The first thing you should know is that awk is actually a rather powerful language. Entire books have been written about its use. If you're so inclined, you can write extremely complex 1000-line scripts using awk. However, as a systems administrator (the intended audience for this article), 99% of your use of awk will consist of relatively short scripts, and one-off one-liners typed right on the command line. Here's an example of a common use of awk:
[jonesy@newhotness jonesy]$ cat access_log |
awk '{print $1}' | sort | uniq -c | sort -rn
The above one-liner uses awk to slim down the amount of data coming from the web server's access log. The access log is space-delimited, and I only want to see the first field (hence "print $1"). Once I have that data, I want to sort it, then I have "uniq -c" provide a count of each occurrence for each unique value, and then I produce a reverse sort based on the numeric count provided by "uniq". The result has the number of hits in the left column, and the host in the right column, and the most frequent visitors are at the top of the list. Give it a shot! Even if you're hosted by an ISP, you should be able to access this log.

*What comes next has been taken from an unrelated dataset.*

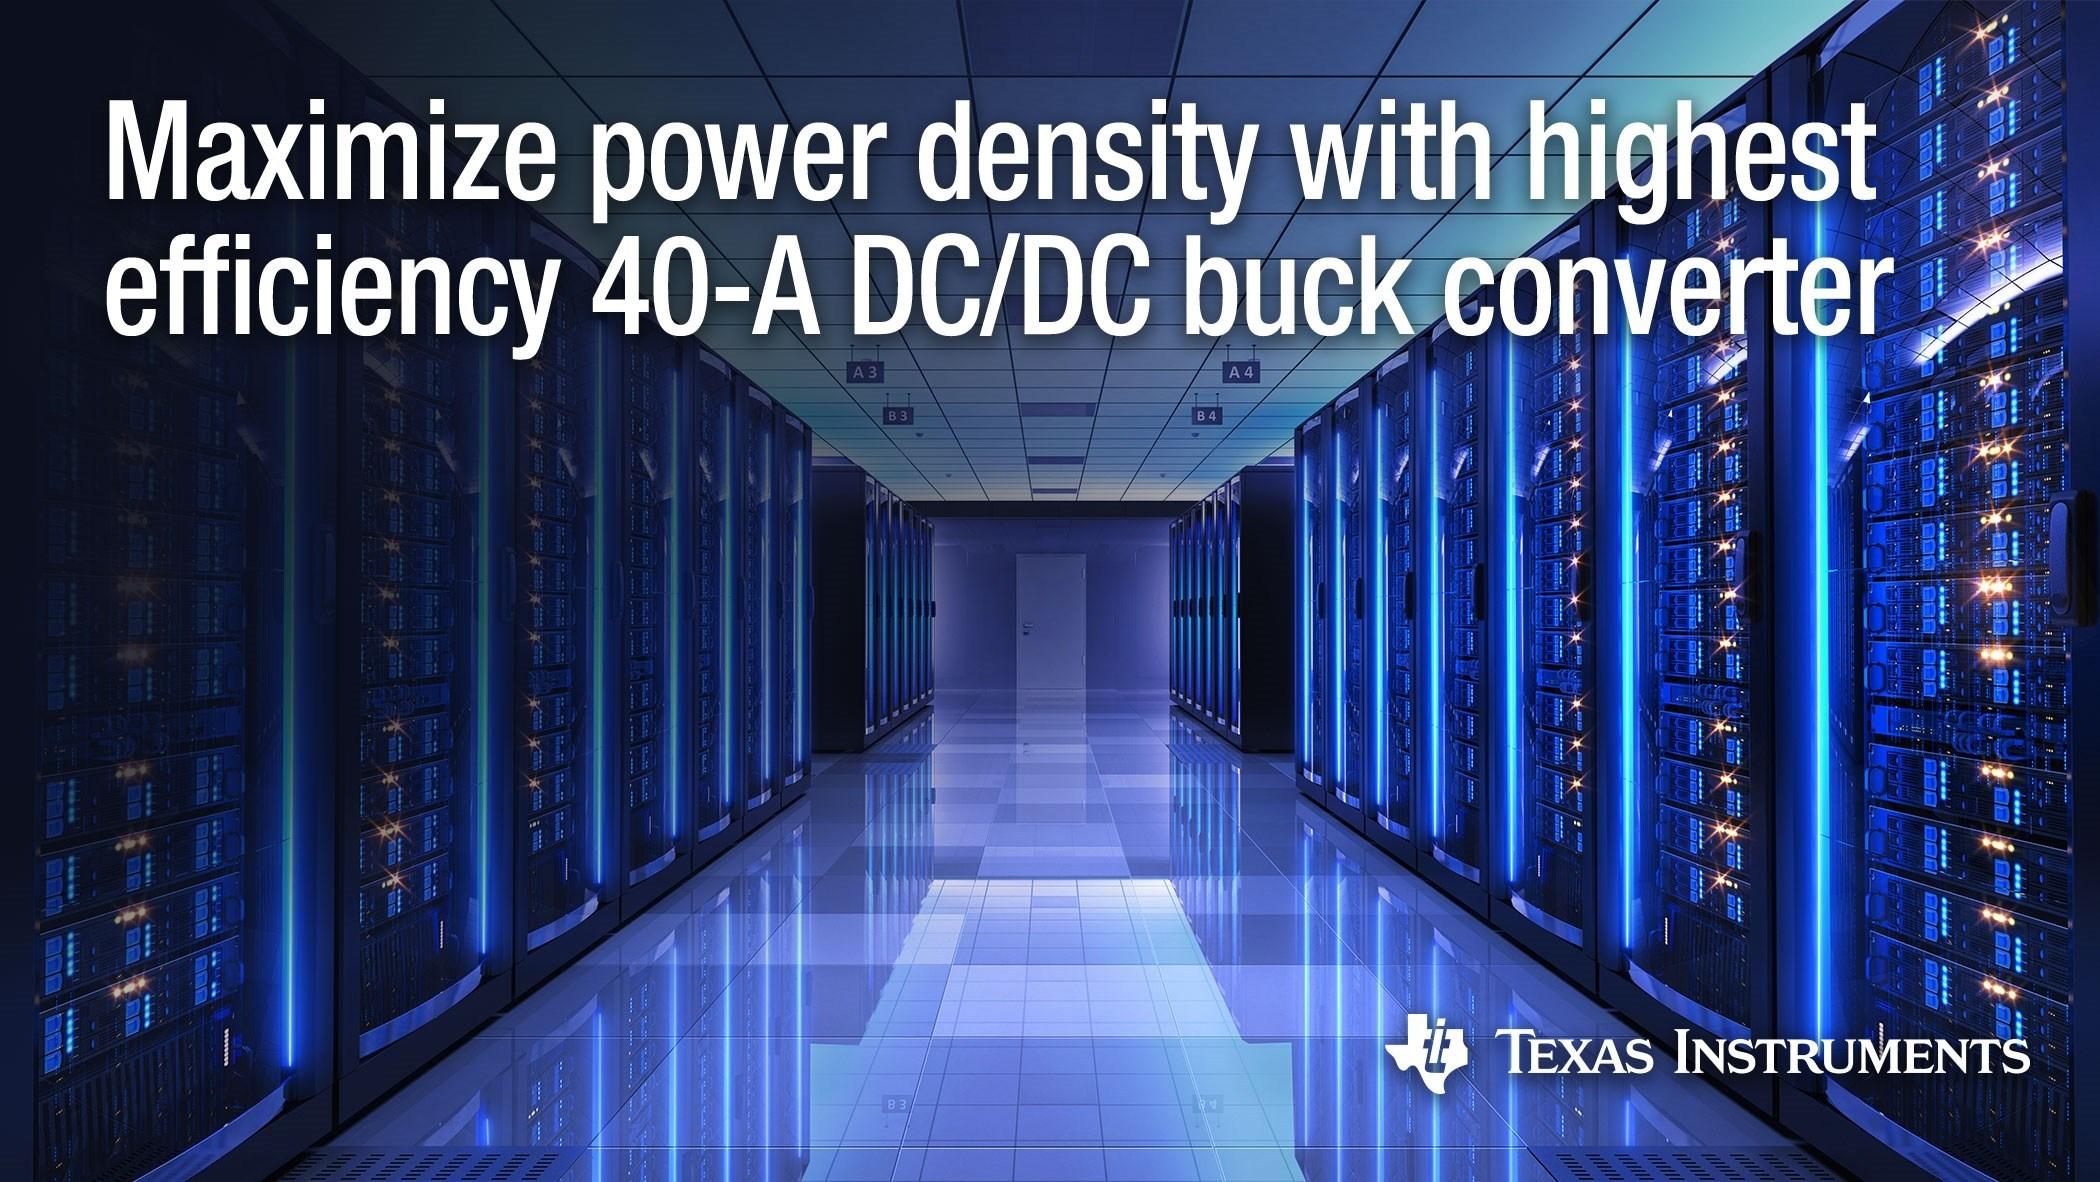 德州儀器推出堆棧式DC/DC降壓轉換器,實現高電流FPGA和處理器電源的功率密度更大化

Awk is perfect for ripping data into smaller chunks, to make it more bite-size for other applications or manipulation. To use it on the command line on files that are not space-delimited, you can use the "-F" flag, and indicate a delimiter. This is useful for tearing apart /etc/passwd and /etc/shadow files. For example:
[jonesy@tux jonesy]$ cat /etc/passwd | awk -F: '{print $5}' | awk -F, '{print NF}'
I actually used something kinda similar to that during a NIS to LDAP migration to see if the gecos field ($5 in /etc/passwd) had consistent enough data to be useful. One of the tests is to see how consistent the number of datapoints held in the gecos field is from record to record. To figure out the number of fields in each record's gecos field, I tell awk to use ":" as the delimiter, and, based on that, print the fifth field. I then pipe that to another awk one-liner, which uses an awk built-in variable, "NF" and a different delimiter (gecos is generally comma-delimited, if it's even used for useful data).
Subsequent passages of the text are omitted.